Logo no início da sessão, ao apresentar as correspondências recebidas, foi lida a representação criminal [pelo primeiro secretário da Mesa Diretora Samuel Pereira (PR), contra os autores dos pedidos de impeachment, Pablo, Lion e Elias, protocolada no Ministério Público. O documento, assinado pelo advogado Wilder Gonçalves em defesa do prefeito municipal, enfatiza que Paulo Piau é pessoa idônea, conceituada, e conhecido por todos em Uberaba pelo cargo que exerce como prefeito. “O quinto pedido de abertura de investigação por Comissão Processante e cassação de mandato, contendo denúncia de crimes nunca praticados pelo representante, onde alegam que Piau, utilizando-se do cargo de prefeito, desviou 20% da primeira parcela do valor de R$25 milhões, oriundos do Governo Federal através do Ministério da Saúde, além de usar um recurso federal de forma inidônea e “praticar, contra expressa disposição de lei, ato de sua competência ou omitir-se na sua prática””, diz a representação, que relata ainda que pode-se verificar “pelas próprias acusações inverídicas, falaciosas e de cunho ofensivo à honra e integridade moral de Piau, os representados se confundem ao relator o ocorrido, desprovido de precisão e verdade”.

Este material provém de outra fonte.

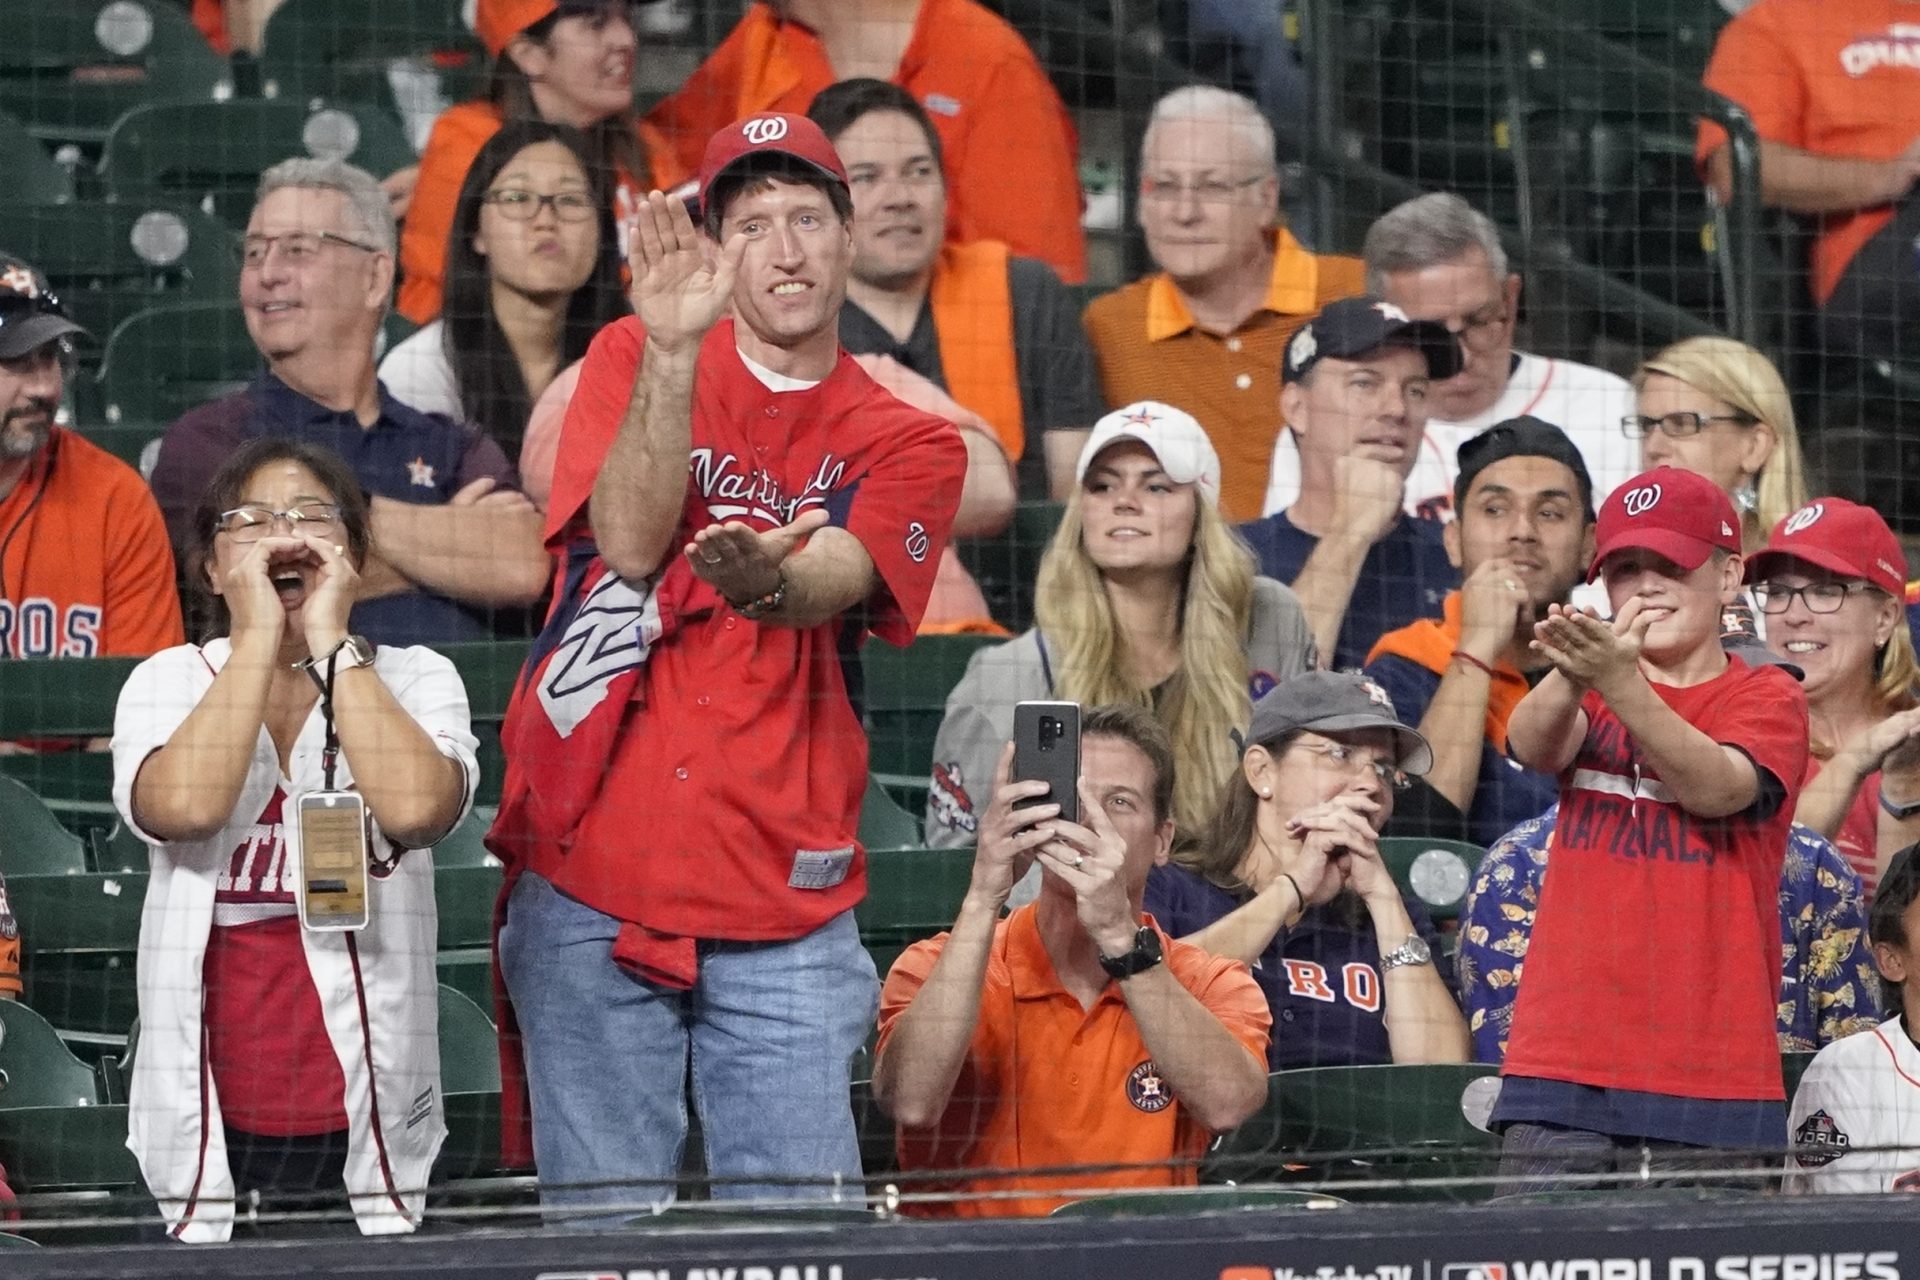 Fans gesture the baby shark as Washington Nationals' Gerardo Parra bats during the ninth inning of Game 2 of the baseball World Series against the Houston Astros Wednesday, Oct. 23, 2019, in Houston.

Após a apresentação de Samuel, o presidente da Câmara, Ismar Vicente dos Santos – Marão (PSD), realizou a leitura de documento assinado pelo Legislativo, no qual destacou que o não recebimento da denúncia está fundamentado na ausência de provas constantes da peça, bem como na apresentação de toda a documentação, tanto por parte do Ipserv, quanto da Secretaria de Saúde, que esclarecem todos os apontamentos feitos pelos denunciantes, ocasionando assim a perda do objeto de ambas as peças acusatórias. “Afim de se evitar o “denuncismo inconsequente”, cujo fim é de impossibilitar o uso das instituições com a finalidade meramente política, a presente denúncia não é possível de ser admitida, cuja decisão está corroborada pelos demais vereadores, à exceção de Kaká Carneiro (PR) e Thiago Mariscal (MDB).

Segundo Marão, pode-se verificar que ambas as denúncias foram apresentadas sem a regular indicação das provas que as embasavam, violando a legislação federal e municipal que norteia o processo de cassação de mandato eletivo. “O que nulifica o início do procedimento, motivo pelo qual evidenciada a inépcia da denúncia, deixo de recebê-la. Caso os denunciantes assim o queiram, estou disponibilizando toda a documentação diligenciada pelo Ipserv, bem como pela Secretaria de Saúde para que, através da formalização do pedido junto à secretaria desta Casa de Leis, possam retirar as cópias dos referidos documentos e, consequentemente, tomarem as providências que entenderem ser necessárias”, ressaltou.

Os três pedidos de impeachment do prefeito Paulo Piau, anteriormente rejeitados pelo Legislativo, eram de autoria do advogado Vicente Araújo Neto.